Not that much of an improvement, actually.
Meanwhile, Andrea is still babysitting the scientist and the dead guy. The corpse reanimates and the scientist starts his experiment. Of course it does not work, but the scientist refuses to see it. He releases one of the new walker’s hands and is just about to be bitten by it when Andrea does the only sane thing in this scene and stabs it in the head.
Glenn is using a leg of the chair as bludgeon when The Governor and Merle bring Maggie into the room. The Governor tells them that one of them is going to give up Team Zombie’s position, then he puts the gun to Glenn’s head. Glenn looks like he is ready to die before he gives up the location, but Maggie is not willing to take that chance. She tells The Governor that the rest of the Team is at the prison.
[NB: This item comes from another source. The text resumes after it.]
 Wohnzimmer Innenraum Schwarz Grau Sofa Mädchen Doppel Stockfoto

The Governor is gross with Maggie for a second before releasing her into Glenn’s arms.
Hmmm. I can’t tell if the look that Merle gives Glenn as he leaves is some sort of grudging respect, or a veiled threat for what’s going to happen next. In fact, there are a lot of odd looks on Merle’s face this episode. I’m thinking that it’s the wheels turning in his warped little mind, and I’m wondering where it’s going. Nowhere good I suspect.
The Governor, Merle and the Scientist talk about the prison while in the darkness outside, Rick, Michonne, Daryl, and Medium Tiny survey the town.
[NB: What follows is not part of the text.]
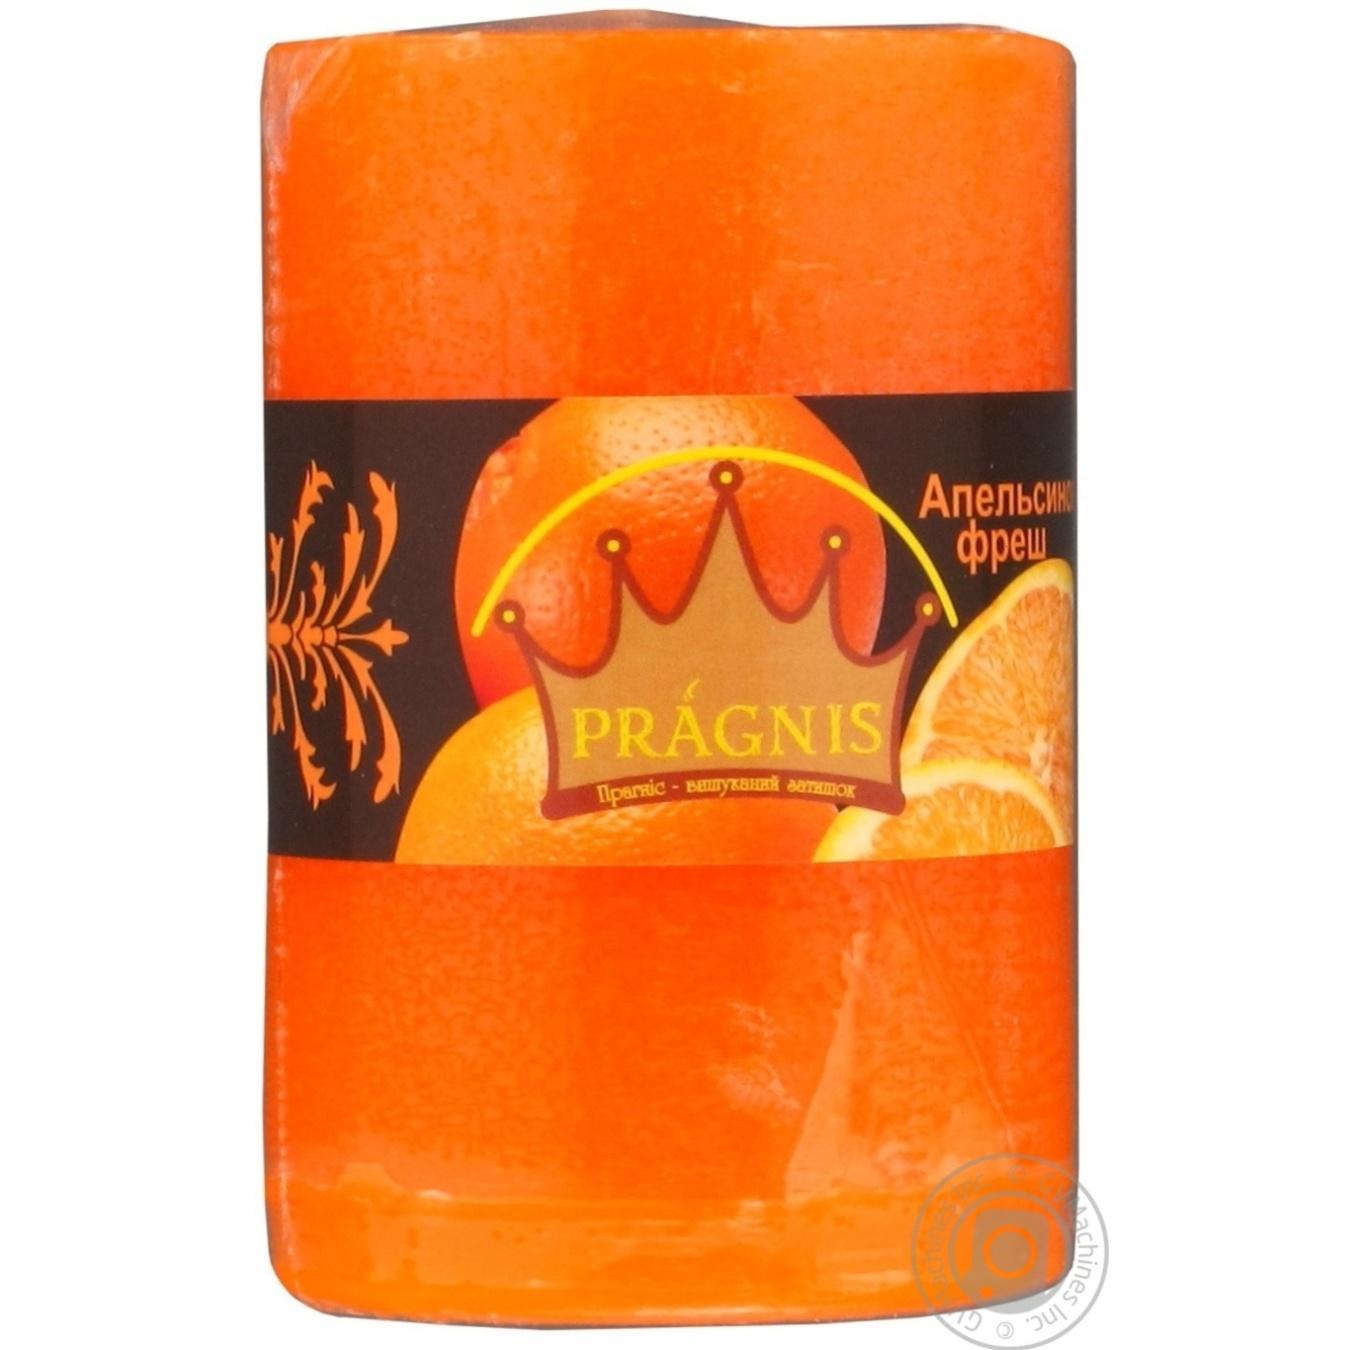 Купить Свеча Pragnis цилиндр апельсиновый фреш 55х8см

In The Governor’s office, Merle confirms his loyalties lie with Woodbury.
You mean the Governor more or less accuses Merle of being an opportunist, and Merle, being an opportunist, sees which way the wind is blowing. He also recognizes that he’s not the craziest guy in the room, I’m thinking.
Meanwhile behind the wall, Andrea is walking to The Governor’s house. Being the dumbest person in the world she goes to him and they are @#$%ing gross together.
Her hair is very shiny though.
Clearly Woodbury still has a stash of conditioner. Well! There you have it folks… so what did you think of this week’s episode? And what about Mr. Adair’s predictions? Let’s find out!
OK… Well, Andrea seems to have spent all her time in the Governor’s bedroom, so yes, she is still oblivious to his crazy. One for you.
Because I… am amazing.
Uh huh. Two! Well, too early to tell about the badass bonding, and Team Zombie is still just getting the glare treatment from Michonne, brief moments of politeness aside. And if Daryl is any indication, love may be a wee bit down the road. Mmmmm… 1/4 point.
I don’t think you’ve ever given me a 1/4 point before. I really don’t know what to do with that. It’s just weird.
You’ll survive. Three!
No, seriously. When did we go to a rating scale that has quarters?
Today. Roll with it. Three! Definitely a point for you, as Maggie and Glenn’s experience with the local welcome wagon leaves something to be desired.
Who decides this rating scale?
Four! Cats! No cats! Of any kind, anywhere. In fact, come to think of it, when was the last time we saw any small animals in this show? It seems they did not fare well against the rise of the zombie hordes. That’s kind of sad.
This rating system of yours is kinda sad.
And that’s us for this week kids! Tune in next week…
Wait! The lesson?
Right. This week’s lesson: Don’t be a hermit in the middle of a zombie infested woods. Total strangers will show up, break into your house, kill you and throw you to the walker hordes.
Alright folks, join us next week for the mid-season finale, where you’ll hear Dustin say:
What? Me? What am I supposed to be saying? Oh, wait, sorry. Um… “Gee, that Andrea sure is a smart cookie.”
You aren’t going to say that.
You put me on the spot? You get what you get.